Seibelstorff lo miró, confundido.

—No entiendo vuestro enojo, señor Heinrich. Se trata de un acto noble y valeroso que nos coronará de gloria.

—Temo que allí no habrá gloria para recoger. Nos toparemos con un ejército de bohemios muy superior en número y que nos matarán a todos antes de que hayamos recorrido siquiera la mitad del camino. Esa empresa es una locura absoluta. —En su agitación, el caballero Heinrich no se había dado cuenta de que había más de una docena de personas escuchándolo. Cuando percibió los rostros asustados que lo rodeaban, torció el gesto hasta hacer una mueca afligida—. No me tomaré a mal si alguno de vosotros decide no acompañarme hasta Bohemia y en su lugar emprende otro camino diferente del que me toca recorrer a mí.

—Yo no pienso abandonaros —exclamó el hidalgo Heribert, conmocionado. Los dos escuderos, Anselm y Görch, intercambiaron unas miradas rápidas y luego suspiraron, entregados.

—Bien, donde nuestros señores vayan, debemos seguirlos —dijo Görch en su dialecto franco.

Eva agitó el cucharón como si quisiera amenazar con él a todos los bohemios que se atrevieran a interponerse en su camino.

—No sabría adónde ir, señor Heinrich. Mi carreta y yo somos parte de vuestra tropa.

Theres asintió también.

—La muerte es parte de la guerra.
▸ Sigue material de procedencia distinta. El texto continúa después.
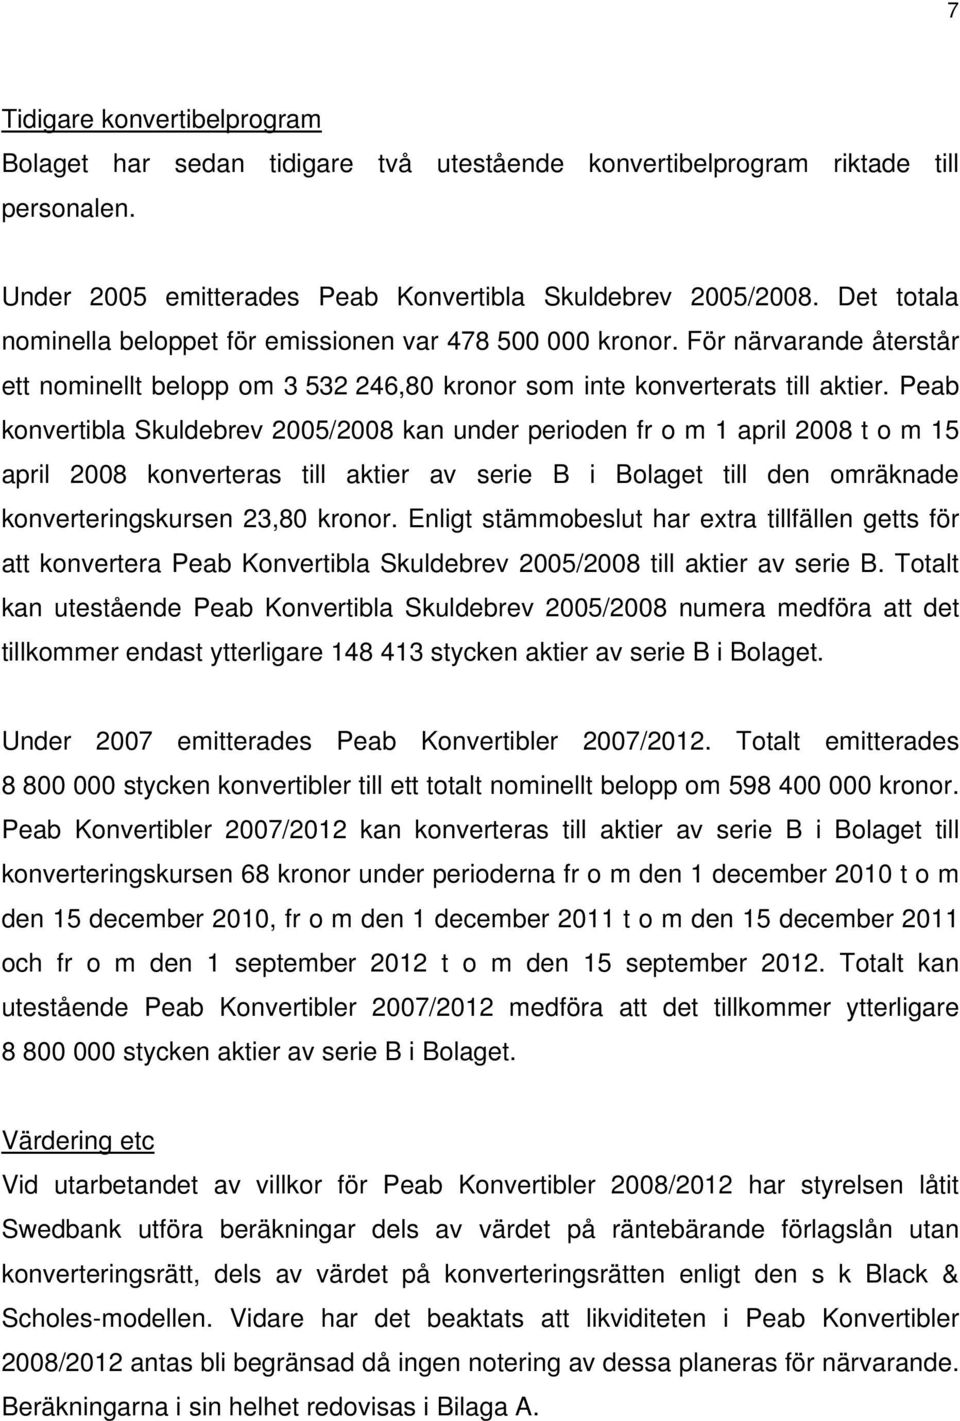 Peab konvertibla Skuldebrev 2005/2008 kan under perioden fr o m 1 april 2008 t o m 15 april 2008 konverteras till aktier av serie B i Bolaget till den omräknade konverteringskursen 23,80 kronor.

Puede sorprenderme en Flandes o en Suabia del mismo modo que en tierra bohemia.

Los soldados que se contaban entre los huéspedes de Theres y Eva se miraron vacilantes, pero como ninguno hacía ademán de levantarse y escabullirse o protestar, finalmente terminaron por asentir. Uno de ellos miró al señor Heinrich con una sonrisa fatigosa.

—Bueno, señor caballero, si no estuviésemos dispuestos a ir con vos a la guerra, no habríamos permanecido aquí durante todo el invierno. Si Dios nos acompaña, tendremos la suerte de salir airosos de esta campaña también.
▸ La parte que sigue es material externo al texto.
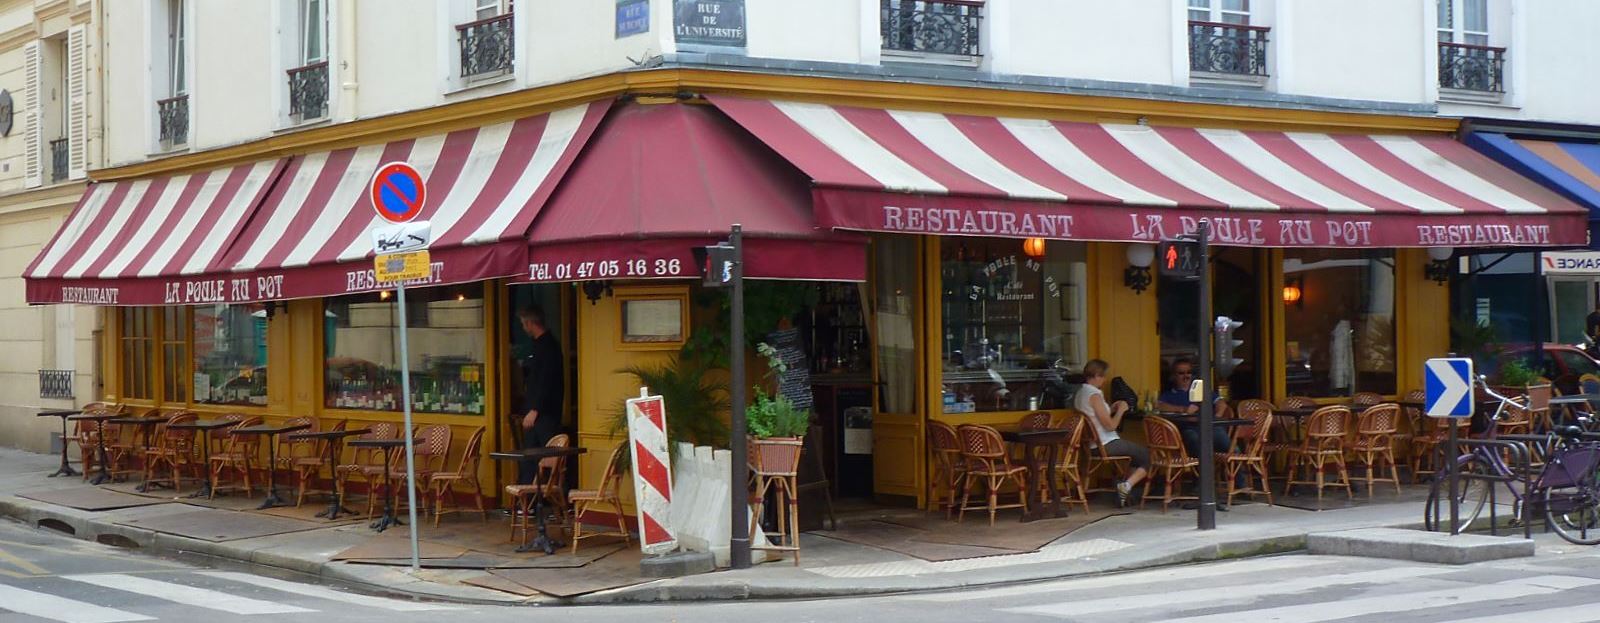 Париж, ресторан La Poule au Pot

Sus camaradas asintieron enérgicamente al oír sus palabras. El caballero Heinrich se sintió profundamente conmovido por las muestras de lealtad de sus hombres, y su abatimiento cedió paso a una confianza que no sólo contagió a los presentes, sino también a aquellos camaradas que se enteraron de la noticia poco después.
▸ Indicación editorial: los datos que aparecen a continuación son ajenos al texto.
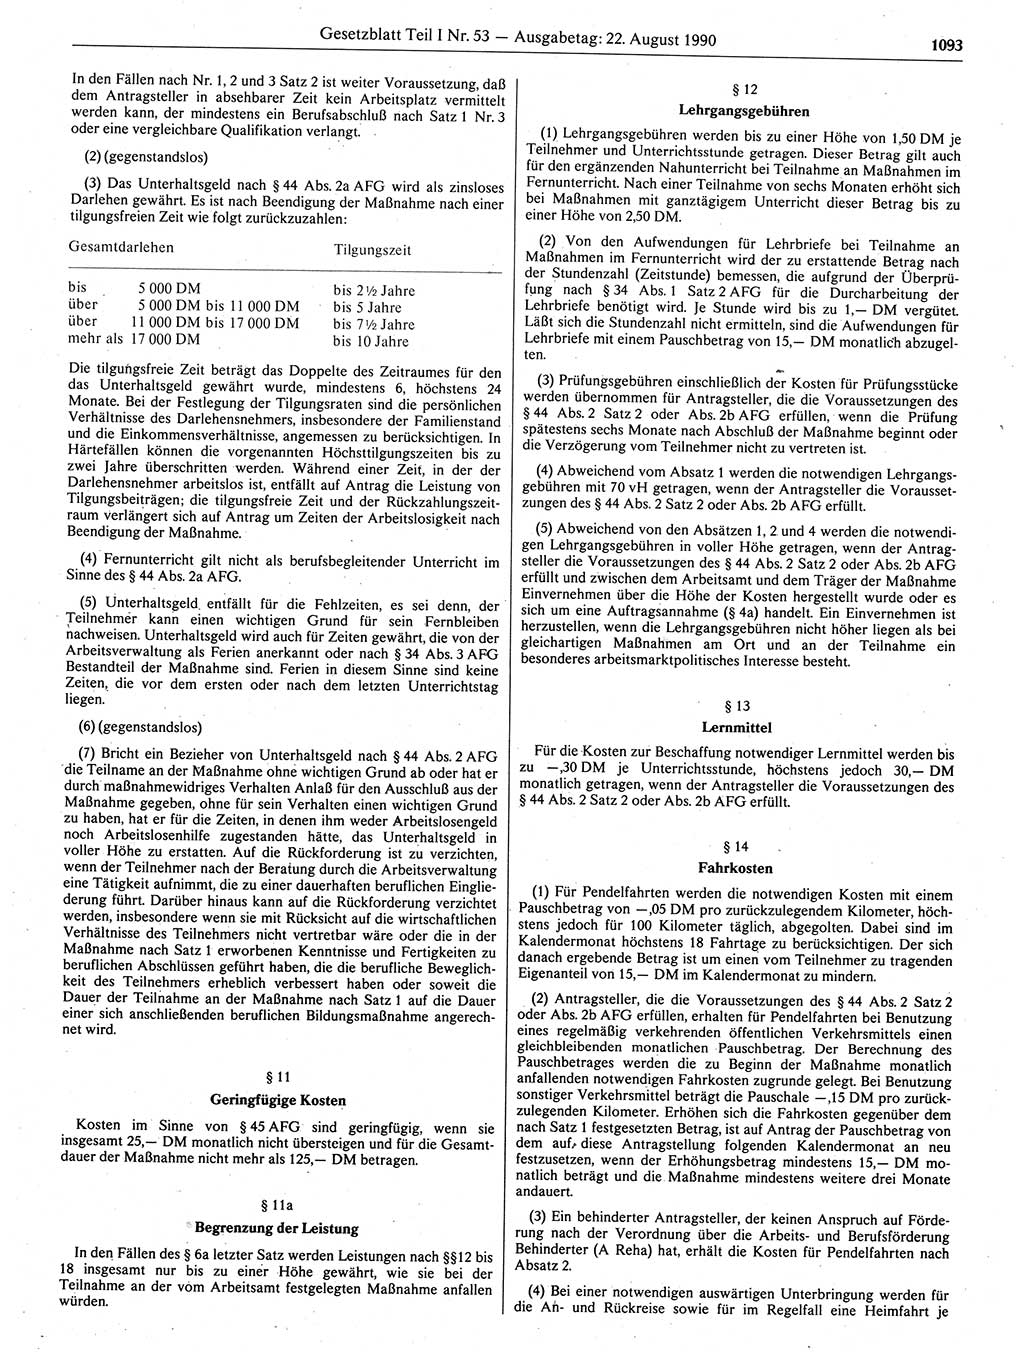 Gesetzblatt (GBl.) der Deutschen Demokratischen Republik (DDR) Teil Ⅰ 1990, Seite 1093 (GBl. DDR Ⅰ 1990, S. 1093)

Al día siguiente, Gisbert Pauer apareció como emisario del emperador, trayendo, además del carro de provisiones prometido, otro carro más cargado con armas y armaduras. Mientras los soldados y los criados descargaban las provisiones y las acomodaban, el mariscal acompañó al caballero Heinrich a su cuartel para transmitirle las últimas órdenes del emperador. Heinrich oyó lo que Segismundo tenía que decirle y se sacudió por dentro. Lo único que pudo escuchar fueron deseos piadosos que no tenían absolutamente nada que ver con la realidad en Bohemia.

Pauer parecía compartir su opinión, ya que no desestimó los peligros a los que la tropa de Heinrich habría de enfrentarse, aunque expresó fervientemente su esperanza de que aquella arriesgada campaña culminara con éxito.

—Los mensajeros del conde Sokolny os conducirán hasta su patria por caminos seguros, de modo que hasta llegar al castillo de Falkenhain no tenéis nada que temer. ¡Así que reunid vuestros doscientos hombres y partid tan pronto como os sea posible!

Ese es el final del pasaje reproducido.